Our want for fast-moving, kaleidoscopic diversions didn't originate with the invention of the World Wide Spider web. Information technology has been present and growing for many decades, as the stride of our work and habitation lives has quickened and as broadcast media similar radio and tv have presented us with a welter of programs, messages, and advertisements. The Internet, though it marks a radical divergence from traditional media in many means, besides represents a continuation of the intellectual and social trends that emerged from people'south embrace of the electrical media of the twentieth century and that take been shaping our lives and thoughts ever since. The distractions in our lives accept been proliferating for a long time, but never has at that place been a medium that, like the Net, has been programmed to and then widely scatter our attention and to practice it and so insistently.

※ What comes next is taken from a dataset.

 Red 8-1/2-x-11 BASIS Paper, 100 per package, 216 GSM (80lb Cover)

David Levy, in Scrolling Forward, describes a coming together he attended at Xerox's famed Palo Alto Research Middle in the mid-1970s, a time when the high-tech lab's engineers and programmers were devising many of the features we at present take for granted in our personal computers. A group of prominent computer scientists had been invited to PARC to see a sit-in of a new operating system that fabricated "multitasking" piece of cake. Unlike traditional operating systems, which could display but one job at a time, the new arrangement divided a screen into many "windows," each of which could run a unlike program or brandish a unlike document. To illustrate the flexibility of the arrangement, the Xerox presenter clicked from a window in which he had been composing software code to another window that displayed a newly arrived due east-mail bulletin. He apace read and replied to the message, then hopped back to the programming window and continued coding. Some in the audition applauded the new organization. They saw that it would enable people to utilize their computers much more efficiently. Others recoiled from it. "Why in the world would you desire to be interrupted -- and distracted -- by electronic mail while programming?" one of the attention scientists angrily demanded.

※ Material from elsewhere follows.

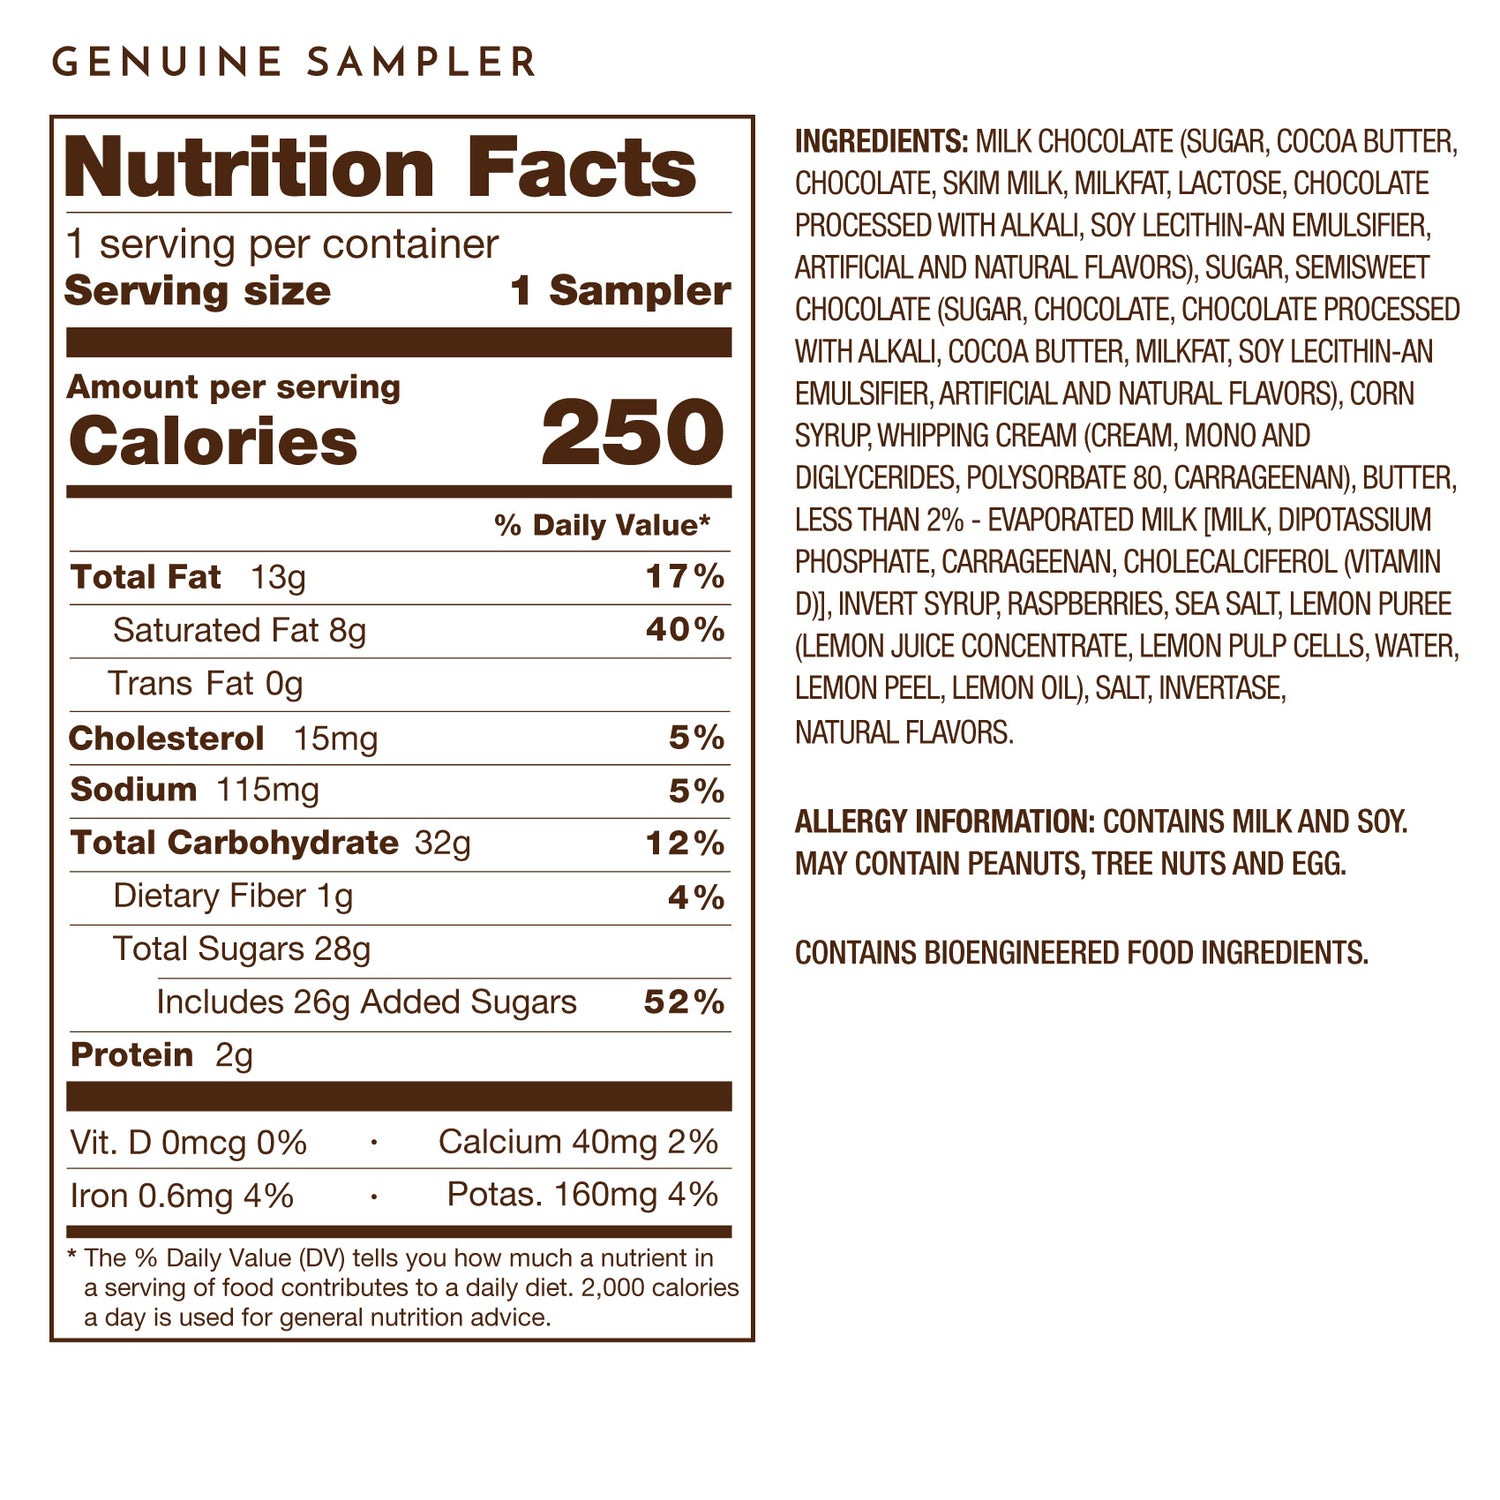 Ethel M Genuine Sampler 4pc Collection - Nutrition Facts. Please Call 1-800-438-4356 for more information.

The question seems quaint today. The windows interface has become the interface for all PCs and for well-nigh other computing devices too. On the Internet, there are windows inside windows within windows, not to mention long ranks of tabs primed to trigger the opening of fifty-fifty more than windows. Multitasking has become so routine that most of us would notice information technology intolerable if we had to go back to computers that could run simply one plan or open merely one file at a fourth dimension. And withal, even though the question may take been rendered moot, it remains equally vital today equally it was 30-v years ago. It points, as Levy says, to "a conflict between 2 different means of working and two different understandings of how technology should be used to support that work." Whereas the Xerox researcher "was eager to juggle multiple threads of work simultaneously," the skeptical questioner viewed his own work "as an practise in alone, singleminded concentration." In the choices we have fabricated, consciously or not, about how we use our computers, we have rejected the intellectual tradition of solitary, single-minded concentration, the ethic that the book bestowed on us. We have cast our lot with the juggler.